Question 2: is this reasoning correct?

Answer 1

Question 1: If $T = 0$, then the Hamiltonian is diagonal in the Fock state basis. If $U < 0$ is attractive, then the two Fock states with lowest energy are $|0, N\rangle$ and $|N, 0\rangle$. The ground state subspace is therefore a two-dimensional Hilbert space spanned by these two states. Any linear combination $|E_0\rangle = \alpha |0, N\rangle + \beta |N, 0\rangle$ is a ground state of the system, exactly as you wrote.
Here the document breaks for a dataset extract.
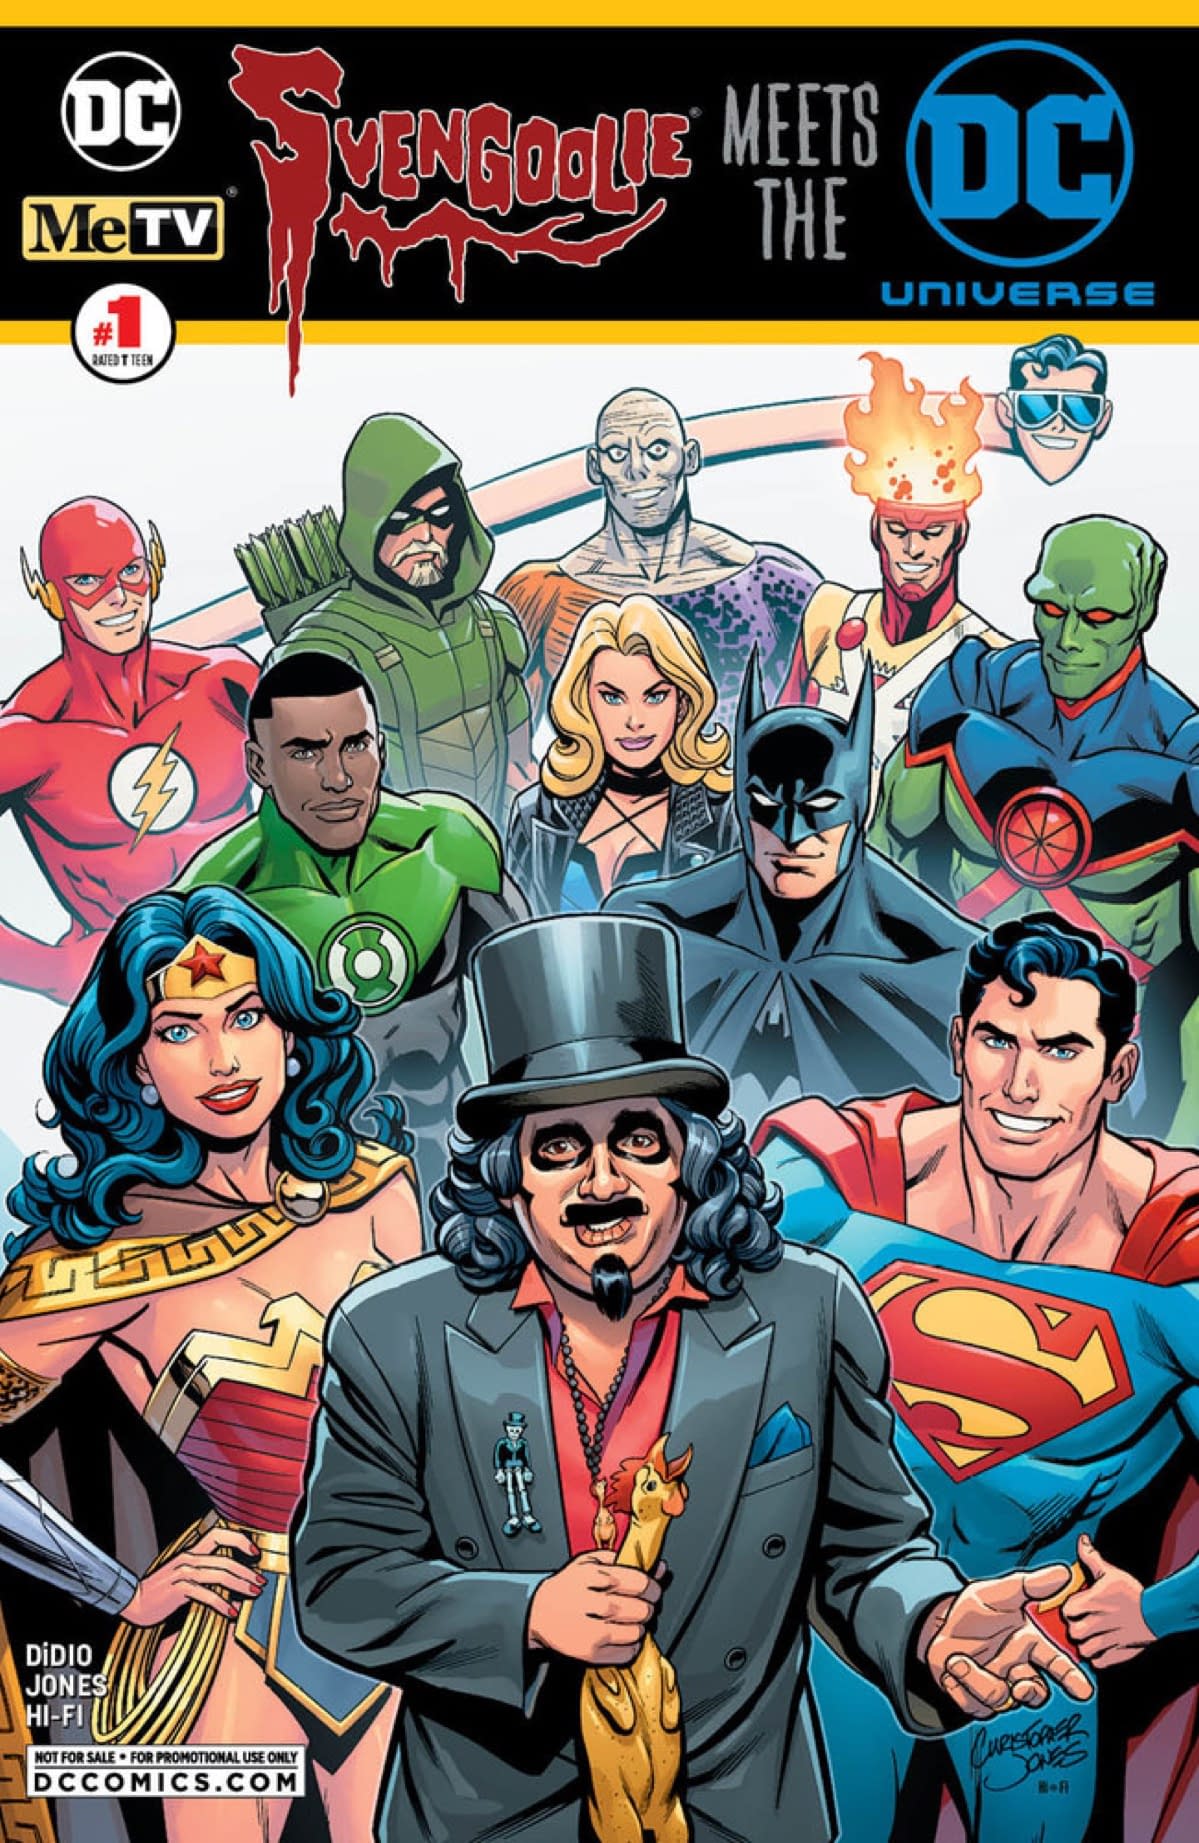 Dan Didio to Write Svengoolie Crossover for DC's October Comics

Question 2: What happens with weak tunnel coupling? Let's think about a simple example, with $N = 2$.$|0, 2\rangle$ and $|2, 0\rangle$ are degenerate with $T=0$, and for $T > 0$ they are both off-resonantly coupled to $|1, 1\rangle$. If $T$ is very small, then the population in $|1,1\rangle$ can be neglected and $|0,2 \rangle$ is effectively resonantly coupled to $|2, 0\rangle$ through a (weak) second-order process. The ground-state manifold, which previously was spanned by two degenerate states $|0, 2\rangle$ and $|2, 0\rangle$, is now perturbed by this weak resonant coupling which creates new eigenstates $(|0, 2\rangle \pm |2, 0\rangle)/\sqrt{2}$. The splitting between these two eigenstates will be given by the strength of this second order coupling.

For $N > 2$, the same principle applies, but now the resonant coupling between $|0, N\rangle$ and $|N, 0\rangle$ is determined by an $N$-th order process, so its strength will be suppressed accordingly. However, the ground state manifold will still be diagonalized as $(|0, N\rangle \pm |N, 0\rangle)/\sqrt{2}$, with increasingly small splitting for large $N$. Therefore technically there will be a well-defined unique ground state, which will be a superposition of $|0, N\rangle$ and $|N, 0\rangle$.

Side note: This same principle applies in many examples corresponding to a quantum phase transition into a symmetry-broken phase. For example, consider a quantum Ising model, $H = J \sum_i \sigma^{(i)}_x + V\sum_{i} \sigma_z^{(i)}\sigma_z^{(i+1)}$. Let's take $V < 0$, so the ferromagnetic case. If $J = 0$, then there are two degenerate ground states: $|\downarrow\rangle^{\otimes N}$ and $|\uparrow\rangle^{\otimes N}$. With small coupling $J > 0$, then the same principle applies: these two states are resonantly coupled by an $N$-th order off-resonant process, so technically they diagonalize into a symmetric and antisymmetric superposition, split by a very small energy.